The Fabric Village in Liverpool will be sold

Administrators of YPG’s stalled Islington scheme have appointed JLL and Wignall Brownlow to sell the site and have signaled that investors are unlikely to recoup the £7million they invested in the scheme.

In September, FRP Advisory was appointed administrator of the subsidiary YPG issuing the Fabric Village of 413 apartments in Liverpool.

YPG Investar Islington House owes £3.9m to loan provider Cynergy. In early 2020, the company took out a bridging loan to cover the cost of the site it had purchased with another loan – from West One Loan – in 2018.

In the latest FRP update, available on Companies House, administrators predict that YPG does not have sufficient funds to reimburse investors.

Investors had made deposits amounting to £7million on 170 off-plan apartments in the 219-home first phase of Fabric Village, known as Fab1.

FRP did not reveal how much it would charge for the sale of the site, for which YPG paid £3.25million three years ago.
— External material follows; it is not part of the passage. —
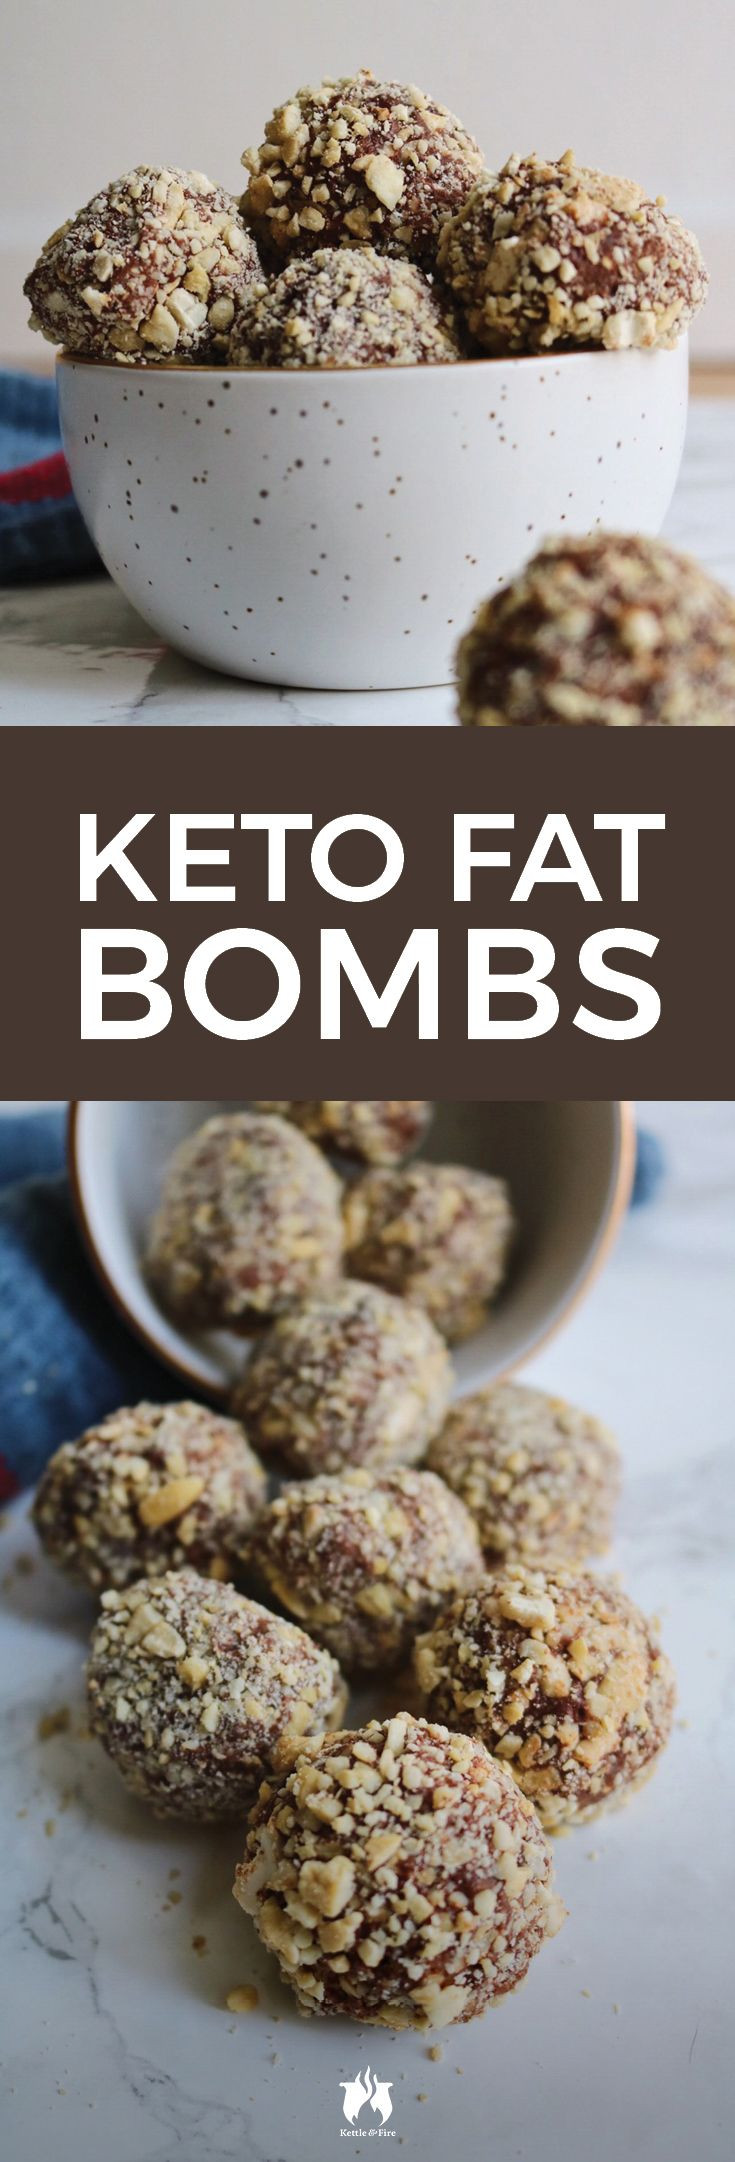 Keto Diet Snacks Fat Bombs
 The 25 best Fat s ideas on Pinterest

In total, the company has debts totaling £11 million.

After that ?

YPG Director Ming Yeung said Location North West he “definitely intends” to present an offer to regain control of the site.

He said his proposal would be “the most complicated” but would deliver the best outcome for creditors.

The sale of the site could also interest Legacie Developments. In recent times, the company has acquired several stalled projects.

These include two Elliot Groups projects – the £250m Infinity scheme in Liverpool and the 300-apartment The Residence in Salford – as well as the 145-apartment second phase of Parliament Residence, also in Liverpool.

Additionally, a joint venture between Legacie and Nexus Residential acquired The Rise from Primesite at the corner of Low Hill Street and West Derby Street.

What happened?

Speaking after FRP’s appointment, Yeung said he was “devastated” and blamed the pandemic for the collapse of the project.

An £18m funding deal with Maslow Capital fell through before the nationwide lockdown in March 2020. As a result, YPG was unable to repay the bridge loan to Cynergy.

YPG was in talks with London Wall Lending to take out another bridging loan to repay Cynergy and stave off the administration’s threat, Yeung said.

However, before that deal could be completed, YPG discovered that 70 investors held one-sided opinions on the ground.

UN1s secure an individual’s investment and are designed to ensure that creditors are reimbursed in the event of an administration.

With the UN1s in place, the position of a new lender is more risky, Yeung explained. As a result, the deal with London Wall could not be completed until they were removed.

Unable to repay Cynergy before the loan facility expired, administrative proceedings began.

Group misfortunes

Two other businesses owned by YPG are currently facing difficulties.

Earlier this month, FRP was appointed to YPG Fabric Residence, another vehicle behind the Islington scheme.

In addition, liquidators were appointed last year within the company’s contracting arm, North West Development Consortium – formerly YPG Group.

Another YPG vehicle, YPG One Baltic Square, sold the site of a Program of 296 apartments on Grafton Street at Nexus Residential for an undisclosed sum earlier this year.

Yeung resigned from this company after the sale.